Uma outra ótica tem sido proposta na psicanálise: Saúde mental para todos, não sem a loucura de cada um. É proposto aceitar o sintoma de cada indivíduo justamente como uma tentativa de individuar-se, de diferenciar-se dos outros, de existir enquanto pessoa em sua singularidade. Apagar o sintoma, ou seja, aquilo que se repete freneticamente, seja em segundos, horas ou uma vez por ano, mas apagar isto que fala sobre a pessoa em prol de um "estado de perfeição" é na verdade padronizar um estado de ser, uma felicidade que de acordo com meus princípios é irreal, ou melhor ainda, surreal.

Sim, podemos atenuar o sintoma e até mesmo eliminá-lo, mas não em nome de uma saúde sanitizadora da mente, ao contrário, permitindo que a pessoa identifique-se com outra coisa, não necessariamente aquele sintoma que provoca o mal-estar.

O que seria da poesia sem o mal estar?

Existe mal-estar maior que a própria paixão? Podem existir piores, mas que dure tanto tempo, que provoque tantos sintomas no corpo, na mente e também na alma, acho que não. Nem sequer a angústia faz isso. A angústia ainda mantém de certa forma intacta a consciência e a razão. O medo na angústia é de perder-se, de morrer, de ser implodido pelo sentimento que ela traz consigo. Na paixão sente-se tudo isso, mas quando é perguntado se está tudo bem, a resposta é a mais descabida, está tudo ótimo.

Proponho um pensamento de existência baseado no respeito ao outro. Respeito a forma de ser, de falar, de sofrer, mas também respeito na forma de compreender-se enquanto saudável. Isso sim, ao meu ver, seria a saúde mental para todos, abarcando a loucura apaixonada de cada um ser o que é, ou o que deseja ser. Se alguém quer voar, que seja piloto, paraquedista, ou como este homem ao lado, não precisa ser apenas "louco".



quarta-feira, 29 de junho de 2011

Interpretações a serem evitadas:

Dejavú

É meus amigos, o futuro inexiste.

Quando traçamos metas, pensamos em planos e nos permitimos sonhar para além do agora, alguma coisa acontece que nos transporta ao amanhã. É como se pudéssemos estar presentes onde nem sequer estivemos ainda, mas desejamos tanto que orientamos nossa vida para aquele momento da chegada em um lugar novo, sonhado, desconhecido, mas intensamente desejado e familiar.

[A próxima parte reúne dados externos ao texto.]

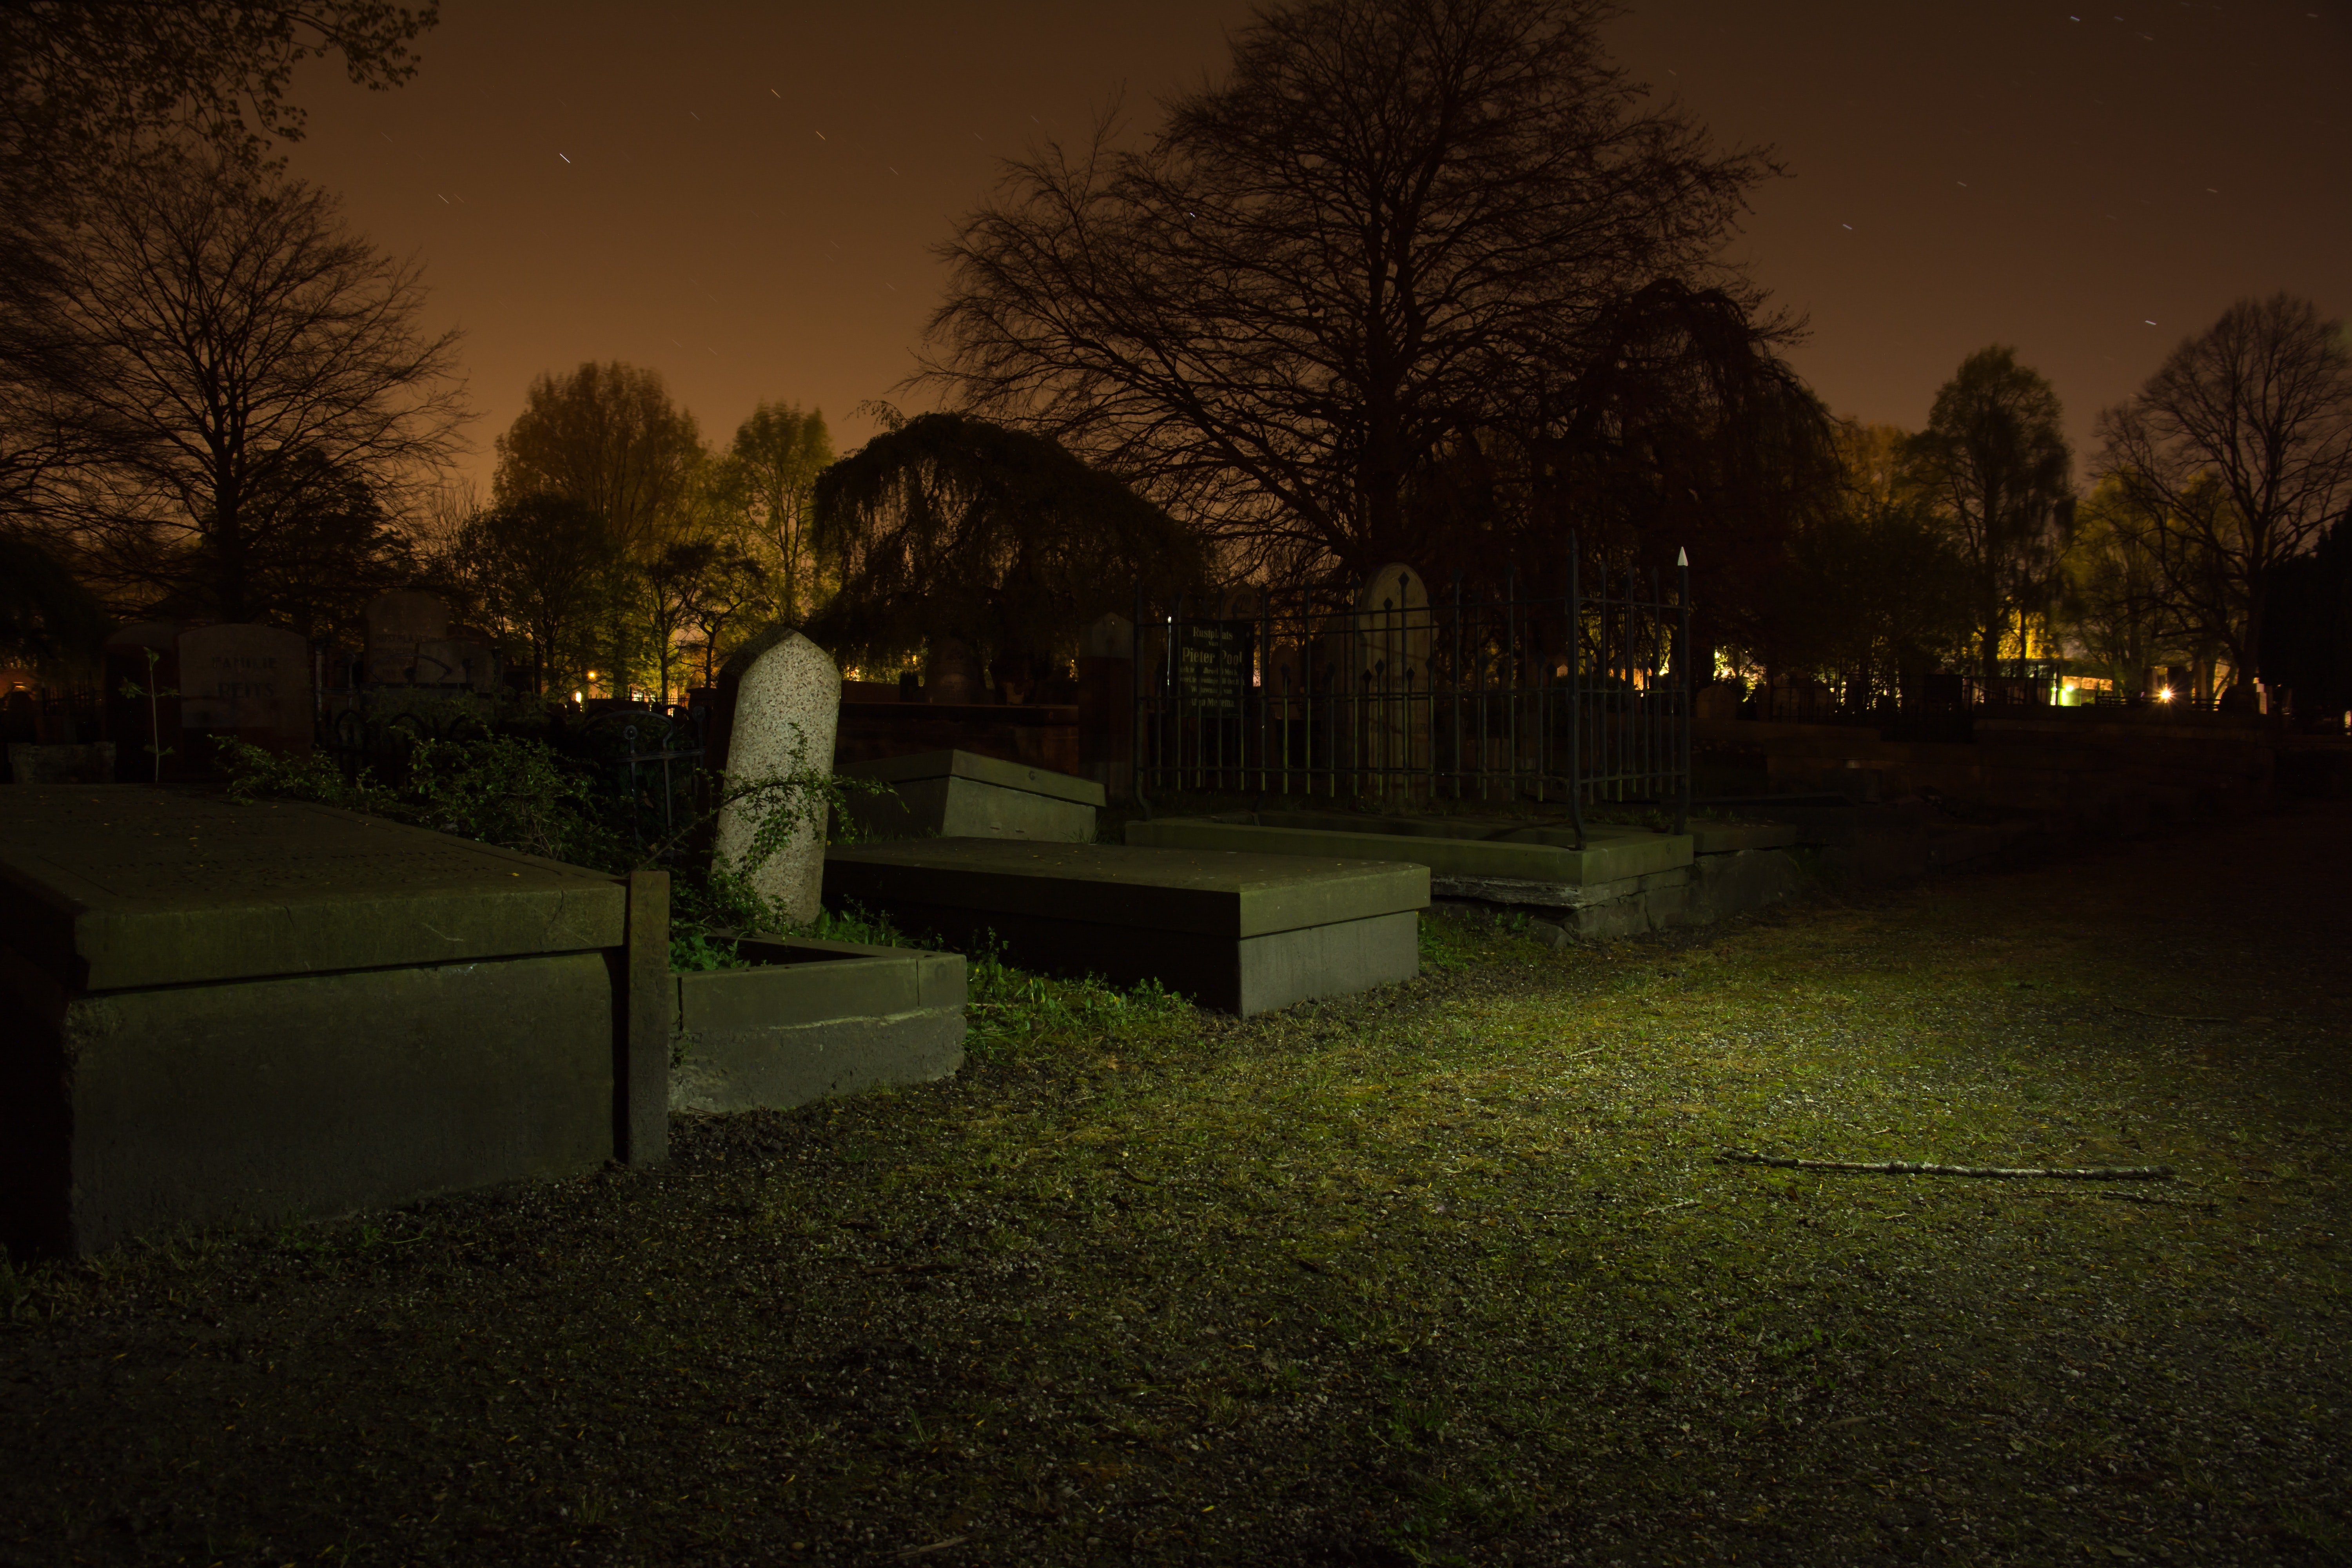 Cemetery at night. | Source: Pexels
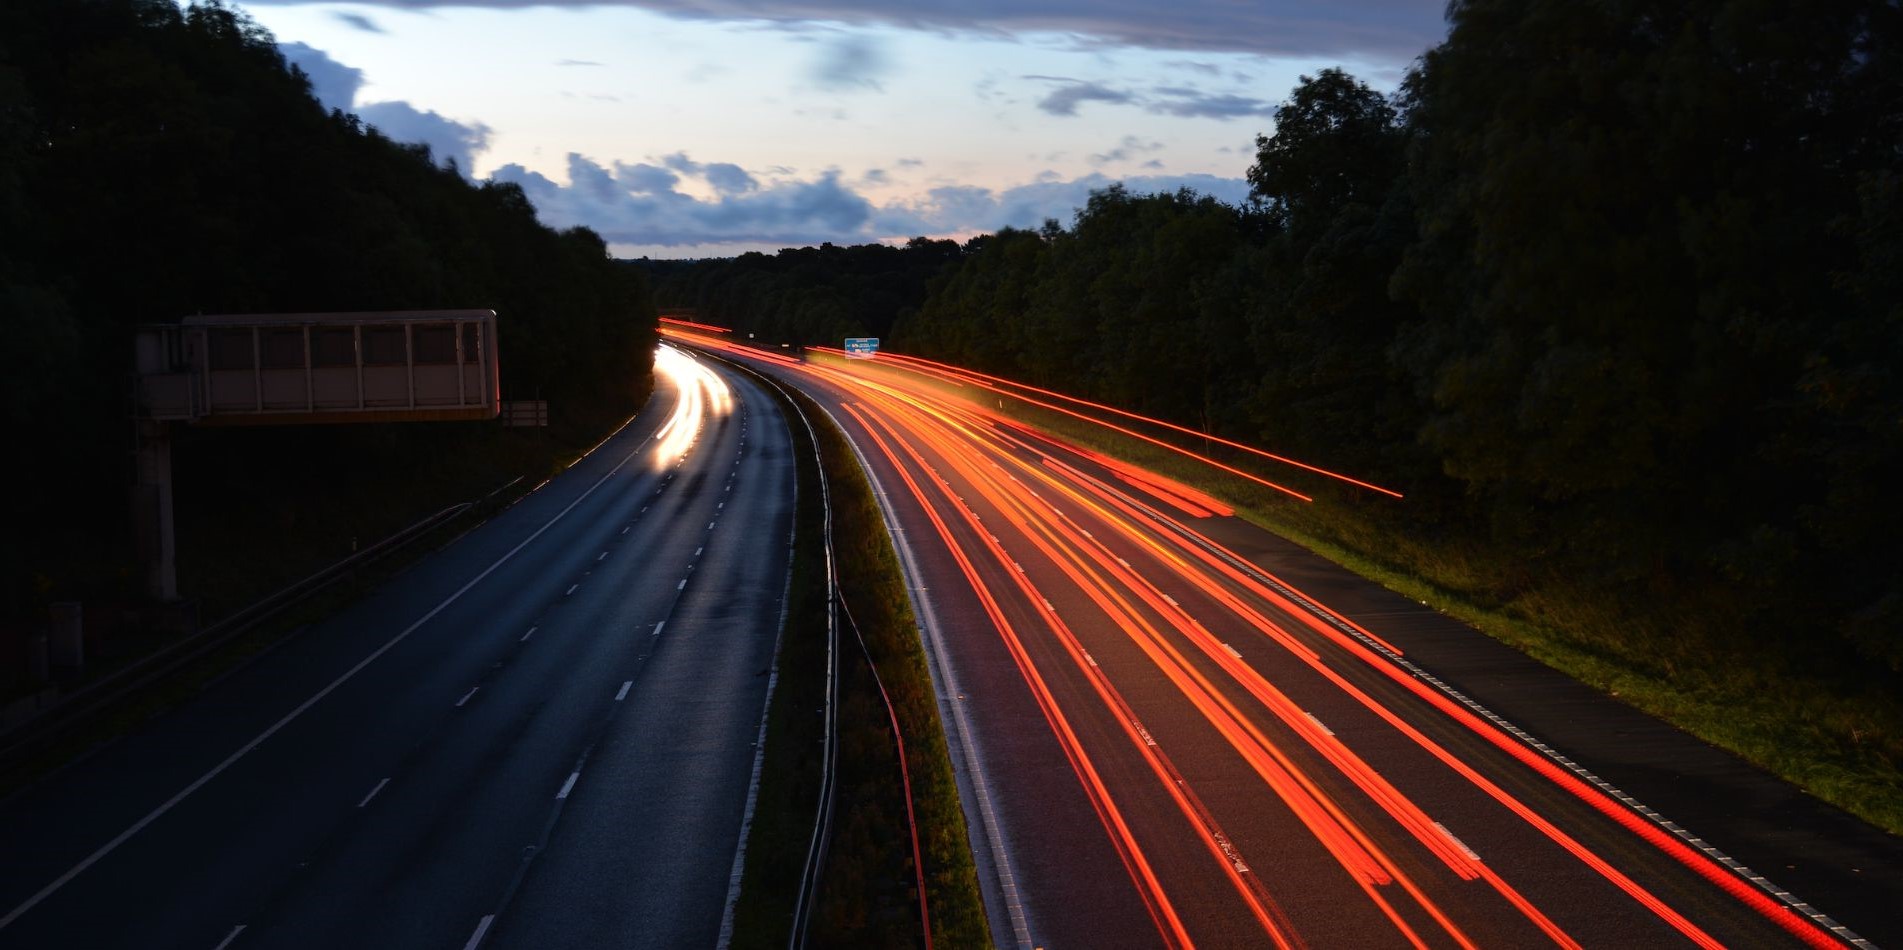 Asphalt-IQ Provides Total Solutions for the Carbon Management of All Highways Projects

O texto de Freud "O Inquietante" ("o sinistro" em outras traduções), me levou muito a repensar uma antiga teoria minha. Um pensamento já demasiado surrado pelo tempo, mas que vira e mexe ele retorna, parece até mais um sintoma, do que um pensamento em si.

Já repararam que o Déjà vu é um fenômeno um tanto quanto complexo?

Embora tenhamos a certeza de que já experienciemos aquilo tudo, ao mesmo tempo, temos a certeza de que aquilo ali nunca aconteceu. Racionalizamos (como bons neuróticos) e damos uma explicação bem interessante, costumamos dizer que alguma vez já havíamos sonhado com aquele momento. Somos capazes até mesmo de prever o que o outro irá dizer. 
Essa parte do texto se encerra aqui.